The news -- around J&J/Pfizer/Elan's Alzheimer's disease monoclonal antibody bapineuzumab, Merck's 0524b cardiovascular drug, Amgen's pancreatic cancer drug AMG 479, and Bristol's nucleoside polymerase inhibitor for HCV -- led DOTW to wonder about the correlation between clinical trial data releases and biopharma stock prices, and whether negative or positive data has a bigger relative impact. Of course, one can hypothesize, but few rigorous studies of the topic seem to exist, and a host of variables make generalizing difficult. 

The most recent news didn't seem to have much effect on stock prices of the sponsors, likely because investors anticipated the bad news, given the nature of the compounds and previous work done in the class of drugs involved. Nevertheless, thanks to a nudge from pharma analyst Mark Schoenebaum of ISI Group, we came across an article that appeared in Oct. 2011 in the Journal of the National Cancer Institute. Co-authored by Allan Detsky, former physician in chief at Mount Sinai Hospital in Toronto, and colleagues, it studied the stock movements of companies sponsoring Phase III oncology drug trials between Jan. 2000 and Jan. 2009.

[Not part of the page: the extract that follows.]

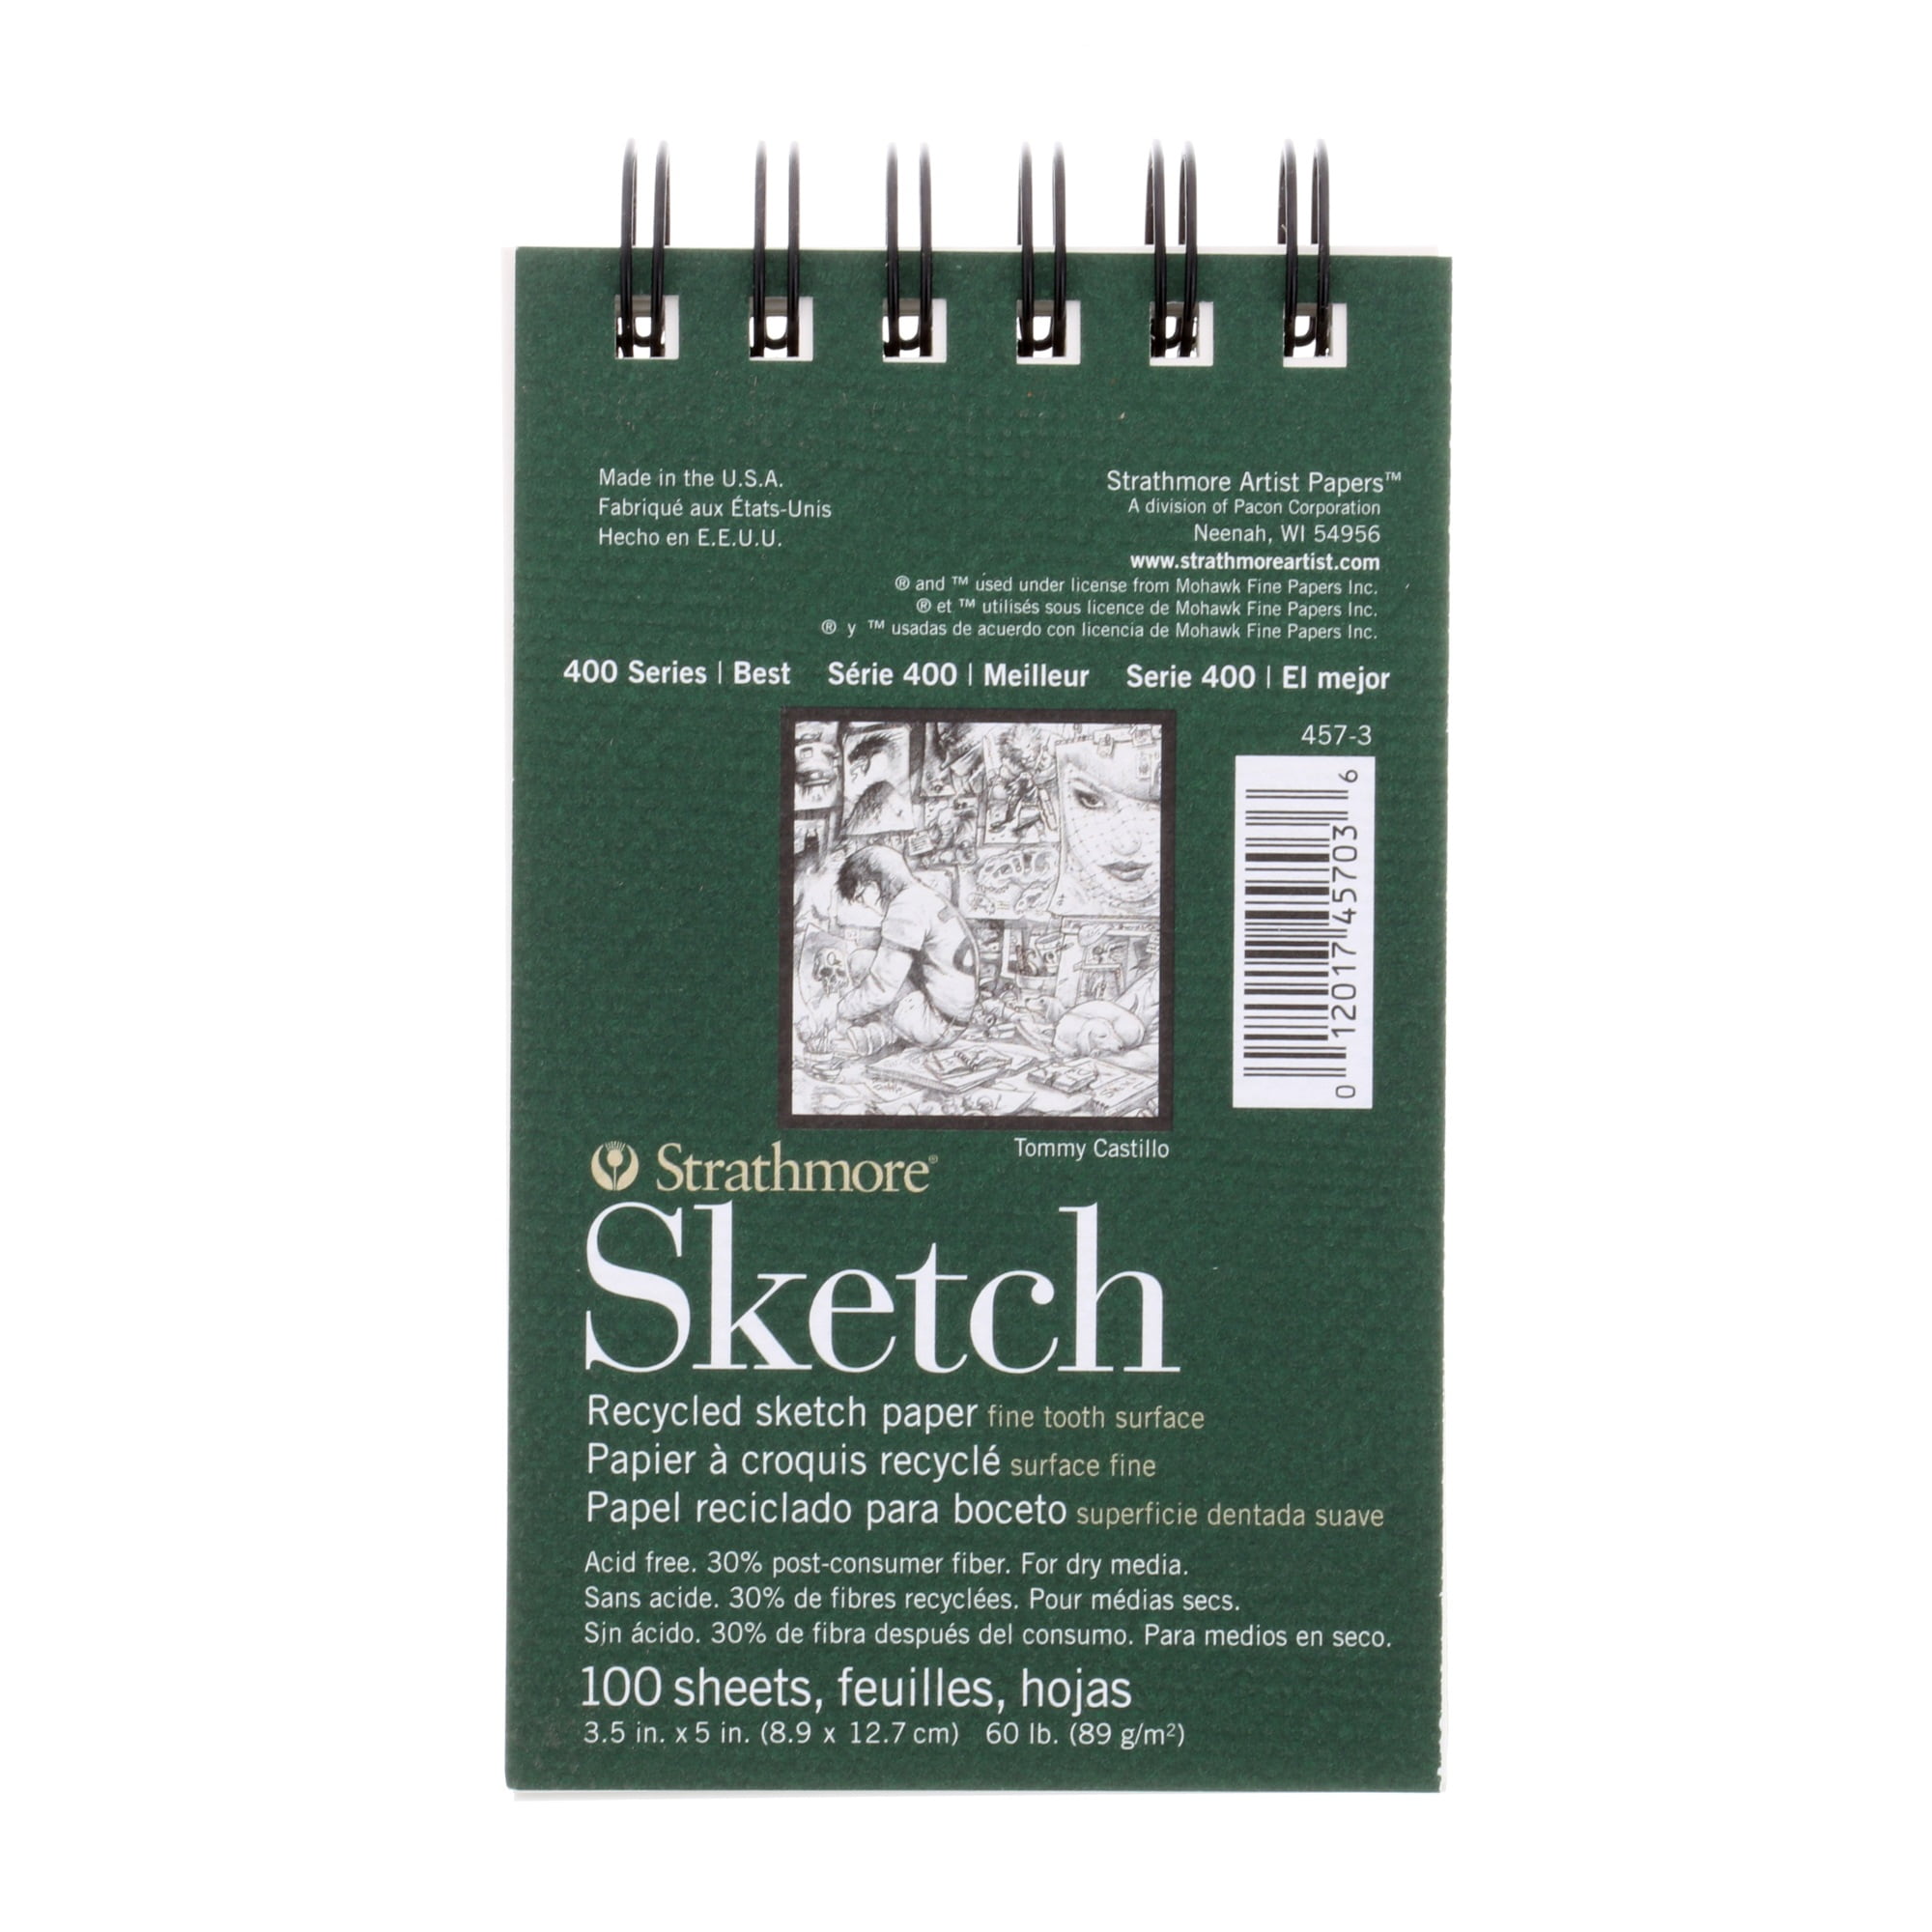  TEHAUX 3pcs Sketchbook Watercolor Sketch Pad Sketch Book for  Markers Sketch Books for Drawing Professional Sketch Book Painting Blank  Notebooks Memo Notepads Child Cardboard Thicken Set : Arts, Crafts & Sewing

The stock prices of companies that owned the drugs were analyzed for 120 trading days before and after the first public announcement of clinical trial results and regulatory decisions. The study found, as follows: "The mean stock price for the 120 trading days before a Phase III trial announcement increased by 13.7% (95% confidence interval) for companies that reported positive trials and decreased by 0.7% (95% confidence interval) for companies that reported negative results...Changes in company stock prices before FDA regulatory decisions did not differ statistically between companies with positive and negative decisions." The implication was that at this "later stage of drug development there is less speculative interest, given that the supporting data are already available."

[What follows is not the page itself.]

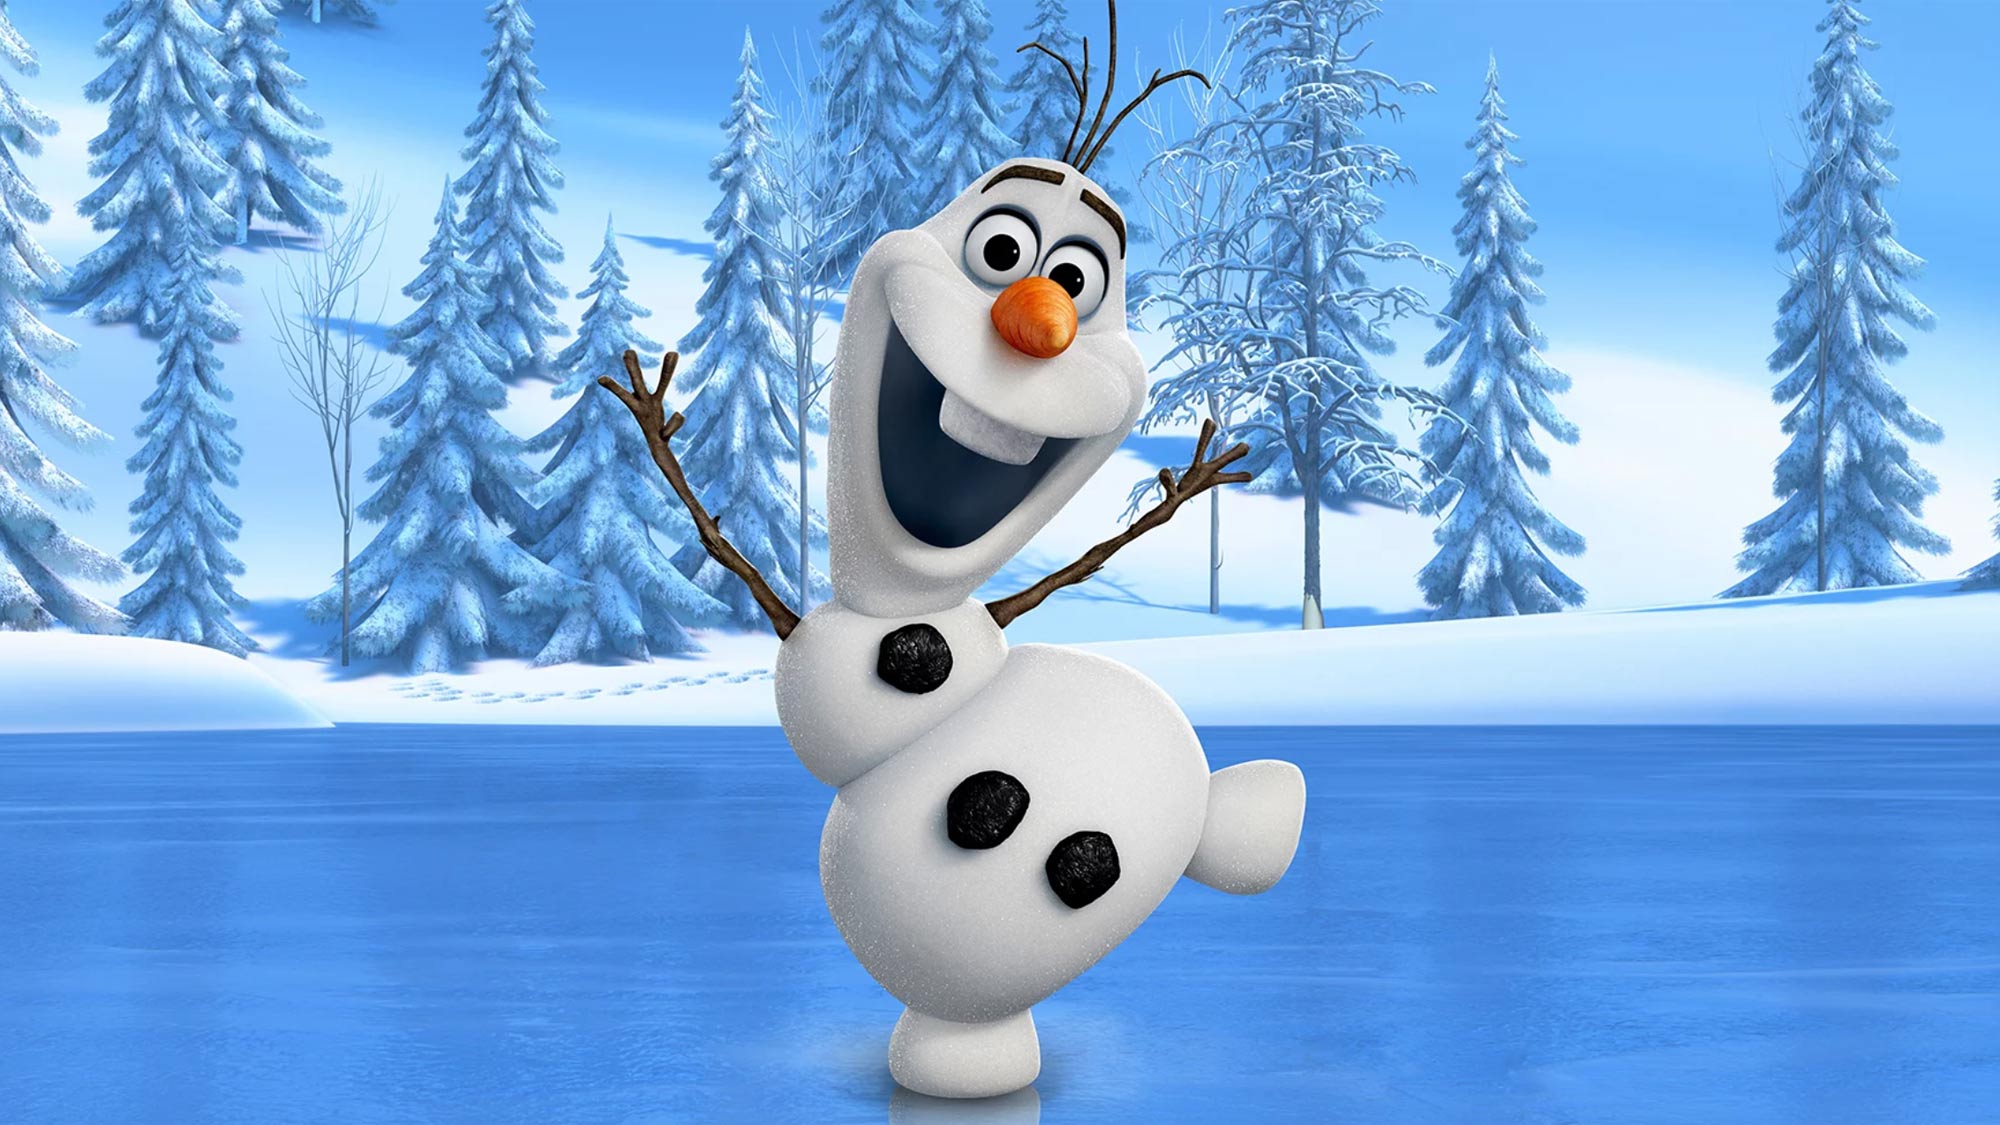 How To Watch Olaf Movie Once Upon A Snowman On Disney Plus Tom S Guide

I'm not entirely sure what this tells investors, given the limitations of the retrospective study and the vagaries of the stock market. But looking for the most accurate drivers of biopharma stock prices, be they clinical trial data results, deal announcements, or M&A, is a key responsibility of biopharma investors and an obsession in the biopharma industry at large. For those who track markets and are scientifically inclined, it offers an analysis in a familiar format and makes for a new ingredient to throw into the mix. Whether it is more than beach reading is in the eye of the beholder.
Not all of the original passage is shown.